Thursday, February 24, 2005

Gratitude to Parents - How can we feel anything but?

Having just been home recently, of late I reflect a lot on what my parents have done for me, and at such times my heart would melt and I would almost always cry as a result… cry with tears of deep gratitude.


The Buddha said: “Just as a mother would guard her only child, even at the risk of her own life, even so towards all beings, let me cultivate boundless love”.


My mother has 4 children, but even then I have already felt her tremendous love, much less if I were her only child. It really melts my heart how she would go the distance to ensure that we, her children, are well and happy. Just being near her and observe how she takes care of us is enough to know how much she cares for each one of us. At home, I was treated like a king while on the contrary, I feel that I’m the one who should have treated her like a king. How much has she gone through to raise us and take care of us? She would eat the bad food and keep for us the good ones. She doesn’t mind being left cold as long as we’re left warm. It reminds me of the virtues of a mother as told by the Buddha.

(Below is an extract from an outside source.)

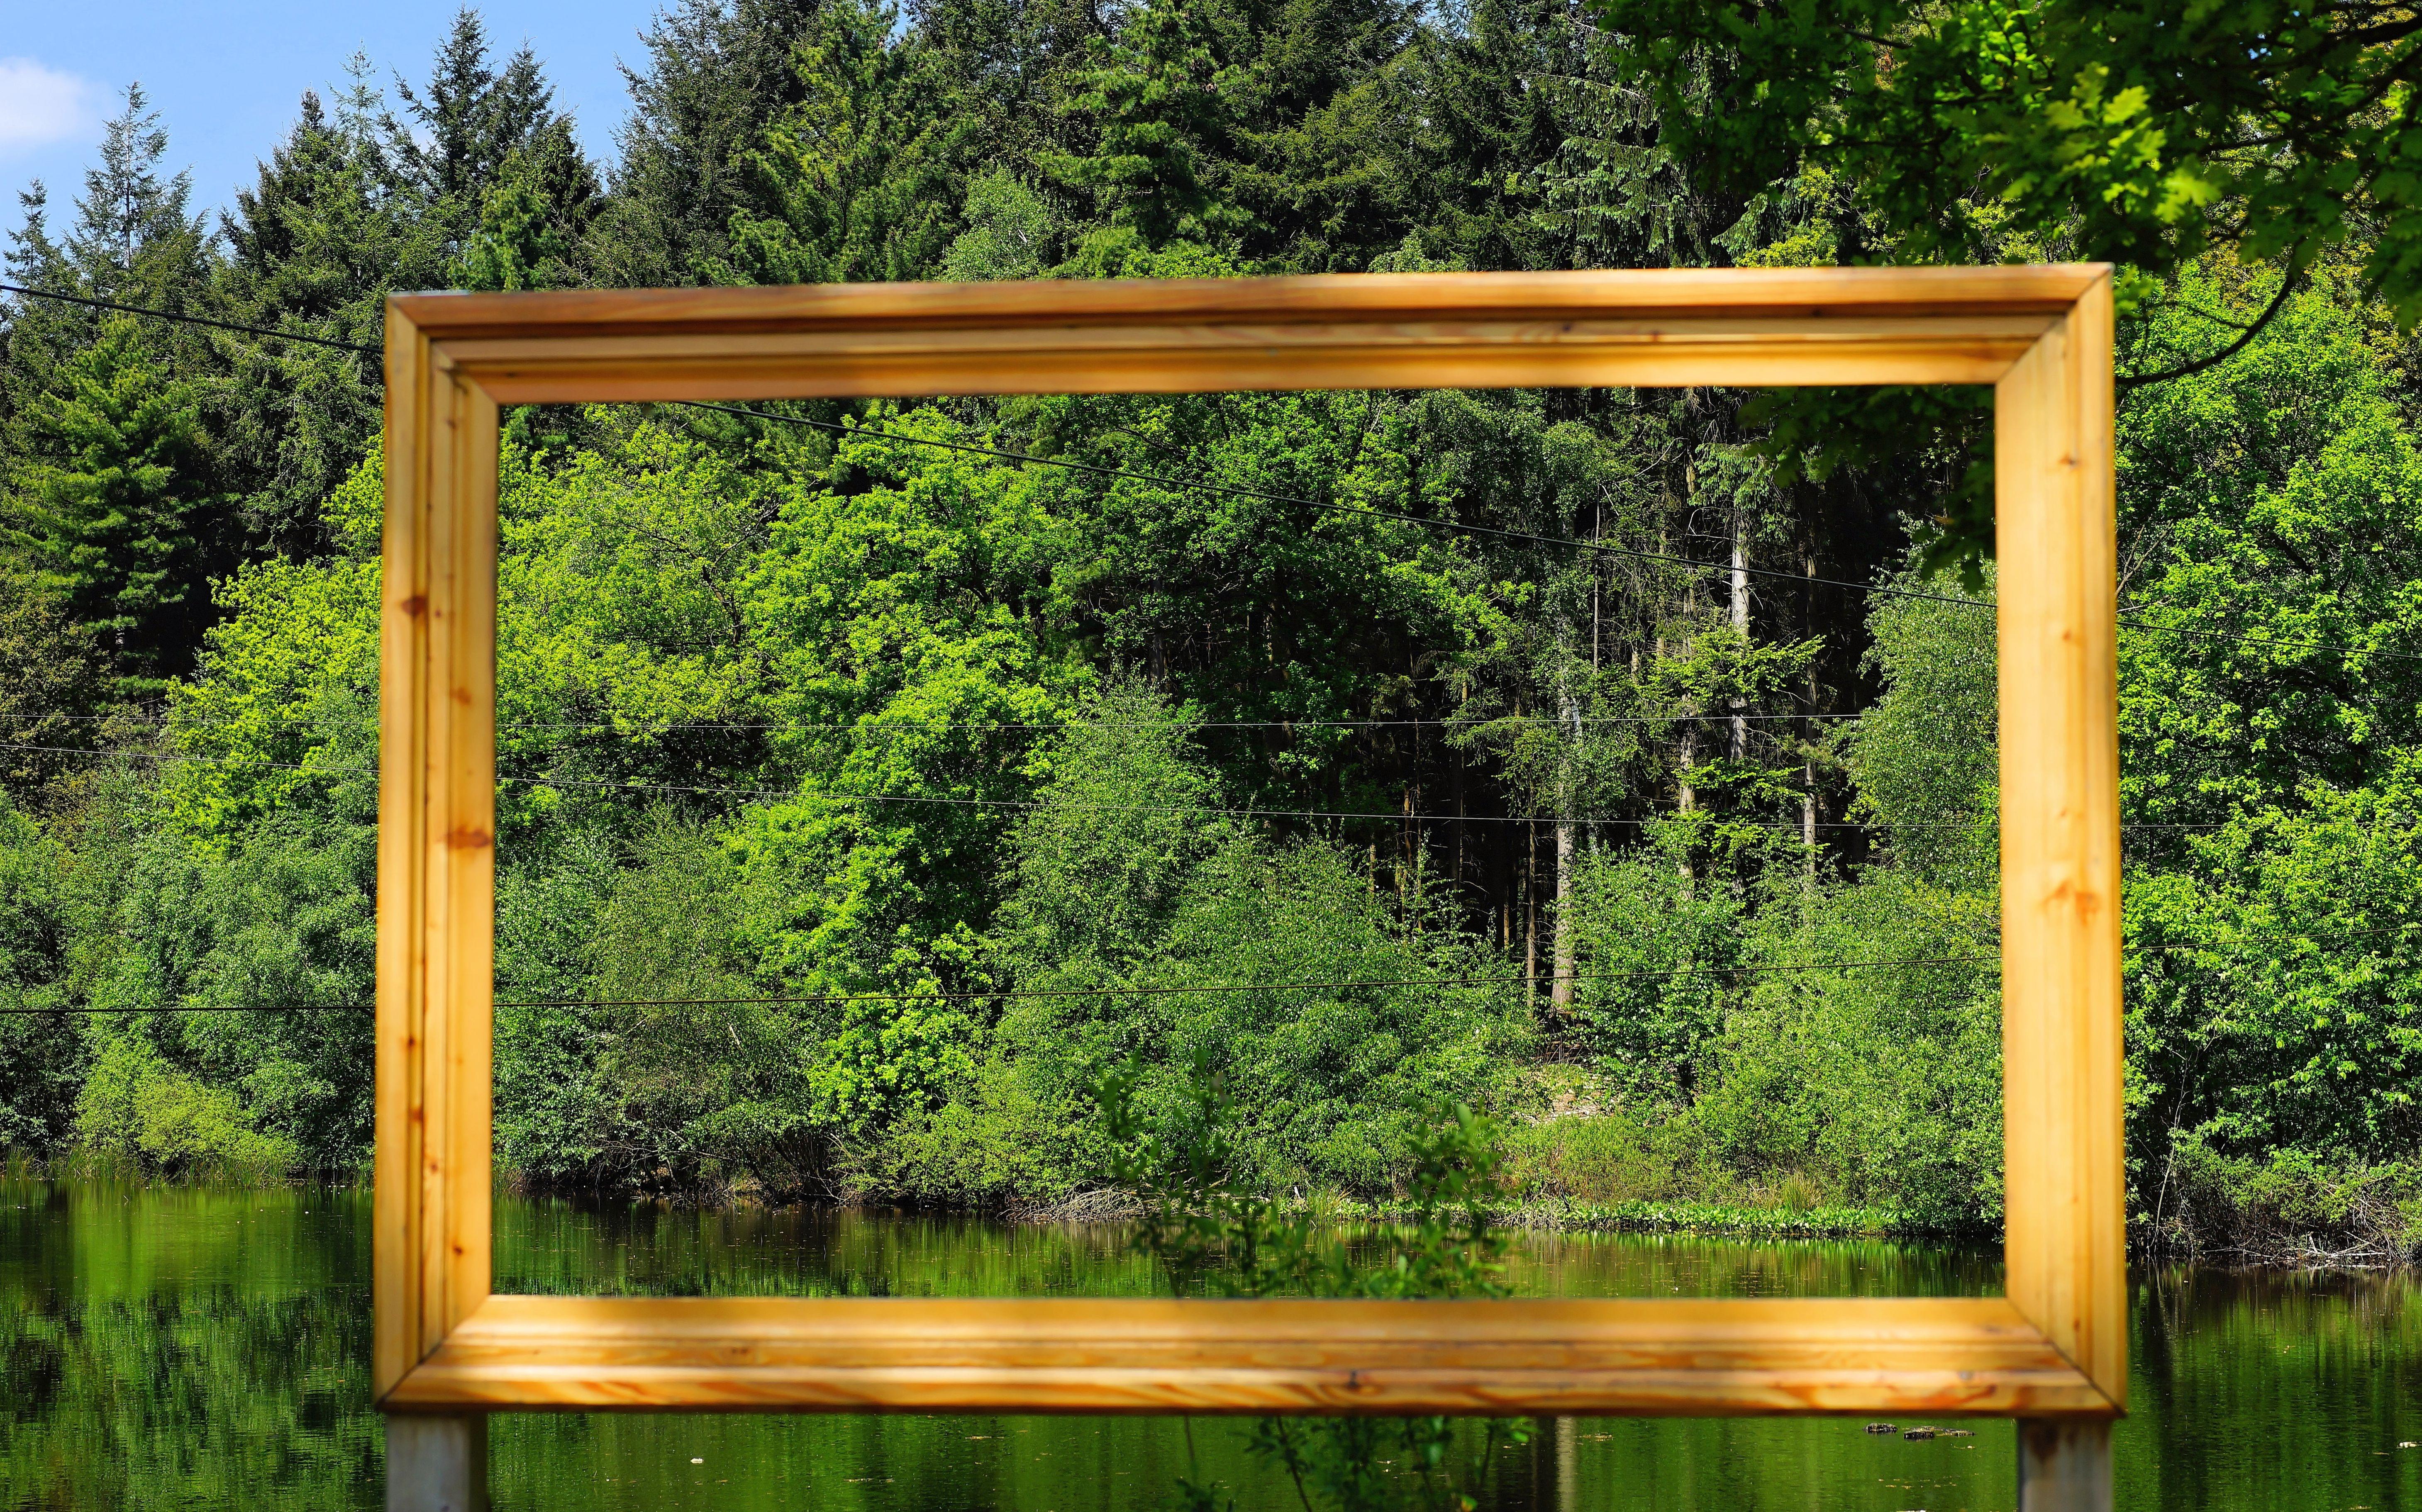 Landscape Water Nature Wood Lake
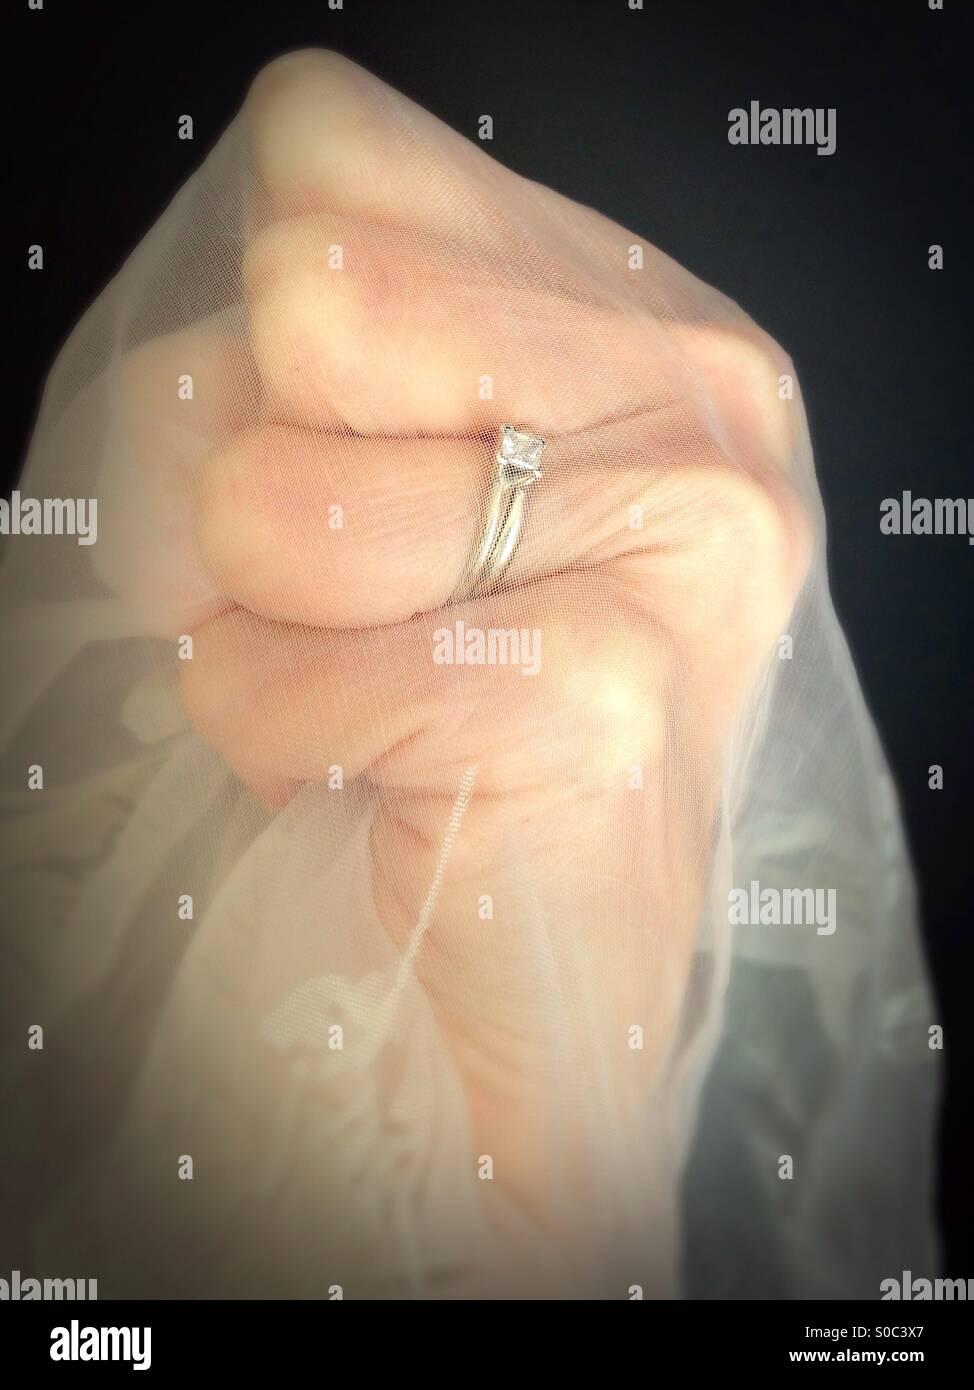 Un puño apretado usando un anillo de bodas, y agarrando pura gauzy tejido. Imagen De Stock

I remember reading an article by a monk relating how his mother would eat very little so as to ensure that her children have enough to eat. I’m sure my mom will do that too. But I’m not sure if I will. How embarrassing it is to think that instead of trying all ways to repay our debt of gratitude to our parents, out of our own ignorance and ingratitude, we mistreat them or think of them as unimportant. How blind have I been, that instead of looking at their virtues and emulate them, I zoomed in on their shortcomings and tried to correct them. J What a shame!

Once, I sat down with my mom and thanked her for the many little things she’s done that warm my heart. She asked thank her for what. I said I thank her for preparing my meal, for fixing my clothes, for buying me food that I like, for putting up with me, for taking care of me. She said that those are the things she’s very happy to do. I know I will always owe her. I know I won’t be able to completely repay my debt of her kindness.


So here and now, I make a resolution to be to others what she’s been to me and to give to others what she’s given to me – her kindness, love, warmth and care, as a way to sincerely thank her for all that she’s done for me.

Thursday, February 17, 2005

Reflection on Board

Medan, 14th Feb 2005

I was sitting in the waiting room waiting to board the plane, and below is what came to mind then...


There's meeting, there's separation.
In meeting up, the most important is the person we are with.
Why bother so much with petty things, who's right and who's wrong.

Soon we'll have to separate.
Why not treasure the moment and be the best that you can to the ones you love?

If he speaks, listen. Don't talk back.
Be the best that you can to him... for him...
because the only time you can do so is the time when you are with him.

(PS: him == father or anyone U love)

Thursday, February 03, 2005

Pervert

I like things that upset many. Hence the title. The earliest occurrence, as far as I can remember, was sparked by Ajahn Lee. Somewhere in his book, he wrote (paraphrased): “Good things are bad things. Bad things are good things. Good things like praise, pleasure, and fame are bad for the heart. Things like criticism and displeasure are good for the heart.” I was pretty puzzled when I first come across this, but after some time, I began to see his point and really appreciated what was said. The deep appreciation comes from the very truth in what Ajahn Lee put across.

Once when I went to a Dhamma class at Mahaprajna, the shifu told us jokingly that he once anyhow gave a Dhamma name Hui Si (Meaning: Can Die) to a lay devotee, and the person got very upset. When I heard that, I thought the name was very nice, and so adopted it myself. I find the name very nice because it’s so much in line with reality, simple yet truthful, in no way trying to deny the truth and instead see it as it really is, in full acceptance.

On another occasion, I read Ajahn Brahm relating a story of the time when he was sick. Ajahn Chah paid him a visit and he got very pleased because he highly regarded Ajahn Chah and it was really an honor to him that Ajahn Chah paid him a visit. However, he got very upset when Ajahn Chah opened his mouth. Instead of consoling him or wishing him well soon, Ajahn Chah said, “You will either get better, or you will die.”

When I read that, I thought that was well-said, and on the right occasion! I would be happy to be offered such words when I got sick. It actually takes quite a bit of courage to speak the truth in such matter-of-factly-manner.

On yet another occasion, BW told me of a strict Zen meditation centre where the teacher will hit the students with a stick if they are sleepy while meditating. I got really excited to learn about that!
There’s a reason for this tendency: I’m constantly seeking for places or occasions that are favourable for cleansing the heart, and getting away from what is favourable to the defilements but endanger the practice! Things that are favourable to the defilements always seem very nice and naturally makes us inclined towards them, like praises, comfort, company of friends, good food, idle talks… Yet, if we let ourselves get carried away by them, they are bound to wipe out the goodness in us: make us forget ourselves, forget the training/ Dhamma, and just be slave to the defilements!